A minimum of 500g is required to test samples of solid or liquid material at the Irish Equine Centre, an independent not-for-profit organisation. Tests are by light microscopy and using real-time PCR for ruminant DNA. The presence of MBM and fish products in feed can be tested by light microscopy in two days. The presence of ruminant DNA in feed by real-time PCR can be detected by this lab in 48 to 72 hours.

== Uses ==
Besides use as animal feed, MBM also finds use in various areas of industry.

- Fuel – MBM is considered a renewable and even carbon-neutral source of fuel in power generation and cement kilns. Combustion destroys pathogens and pollutants. MBM has around two thirds the heat value of coal; the UK in particular widely uses meat and bone meal for the generation of renewable electricity. This was particularly prominent after many cattle were slaughtered during the BSE crisis.
- Fertilizer – MBM is used as a fertilizer. It is similar to bone meal in that it supplies calcium and phosphorus, but the meat component also provides a significant amount of nitrogen. For growing human food, the material must meet sanitary requirements to avoid spreading diseases or contaminants.

== Similar products ==

- Meat meal – obtained by cooking, defatting, sterilizing, grinding, and sifting by-products of terrestrial animals.

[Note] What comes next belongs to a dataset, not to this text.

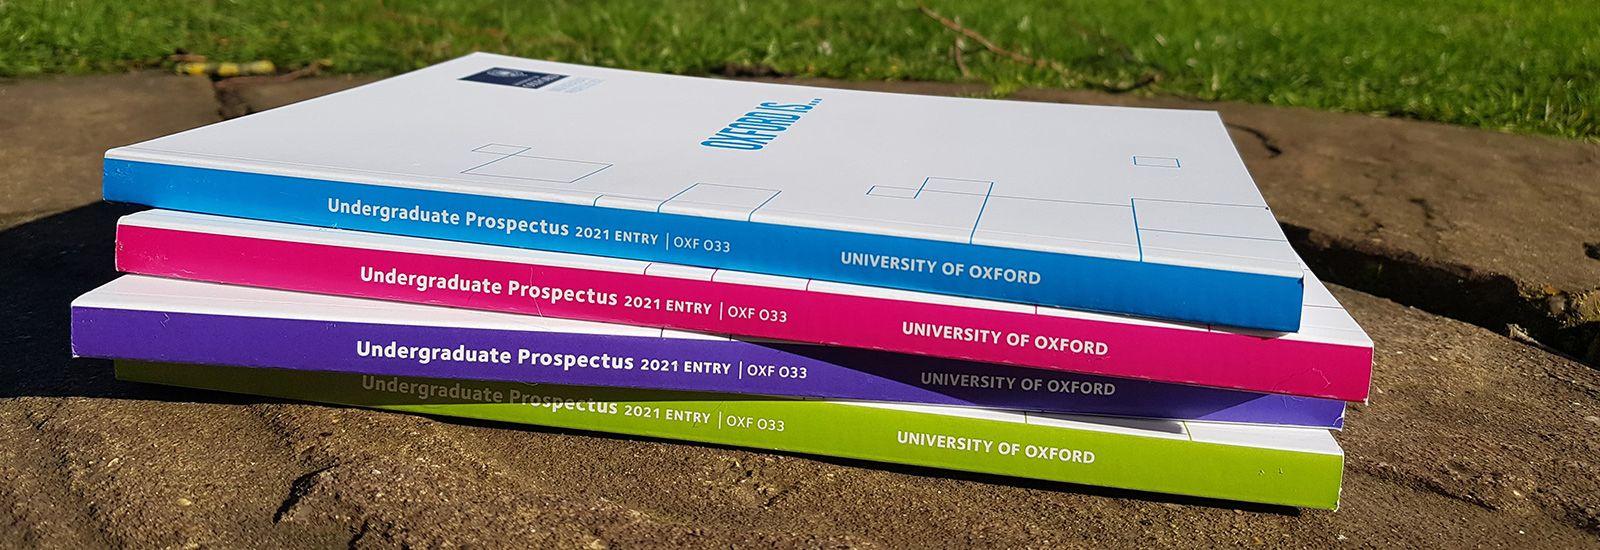 2021 entry undergraduate prospectus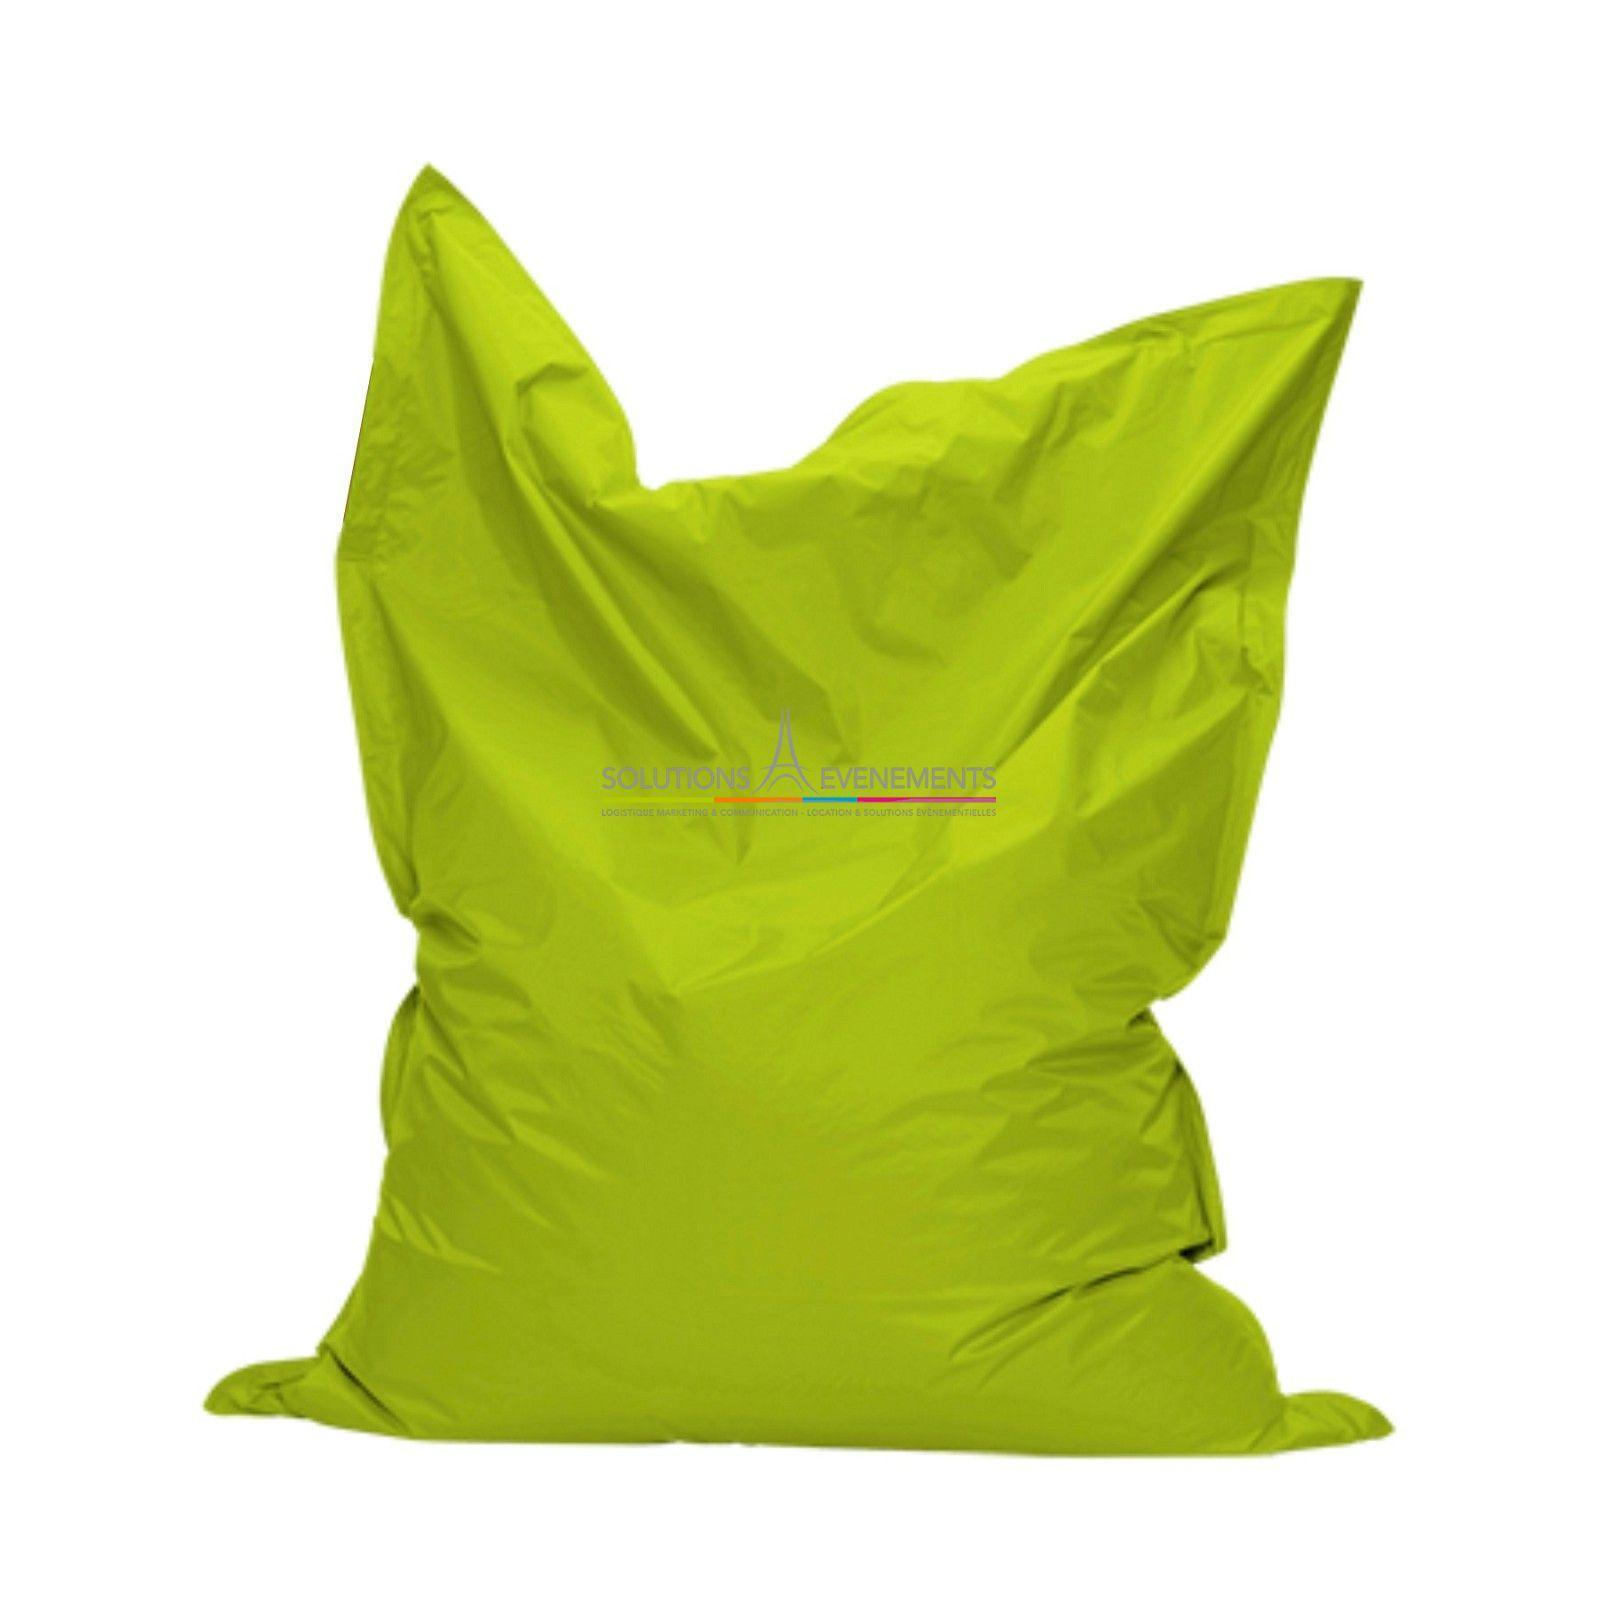 location pouf geant sac de billes fatboy. Black Bedroom Furniture Sets. Home Design Ideas

This denomination includes both meat and bone meal (MBM) and meat meal in the strict sense, less rich in minerals than MBM; it is often referred to as "processed animal protein".
- Bone meal – produced from bones (of terrestrial animals) of second quality. The other bones can be used beforehand for the manufacture of gelatin and/or treated to produce dicalcium phosphate or ossein powder; the meal is produced by heating, defatting, drying, grinding and sieving the bones of terrestrial animals.
- Meal from skin appendages – horns, hooves and nails (around 55,700 tons per year in France) are used for example in agricultural or garden fertilizers for their sulfur, nitrogen and phosphorus contents, or used in the composition of meat meal.
- Blood meal – fresh and whole blood collected from slaughterhouses, coagulated and steam dried now often referred to as "animal protein transformed from blood".
- Feather meal – fresh feathers from slaughterhouses, treated by thermal hydrolysis (chemical decomposition in the presence of pressurized water), dried and crushed.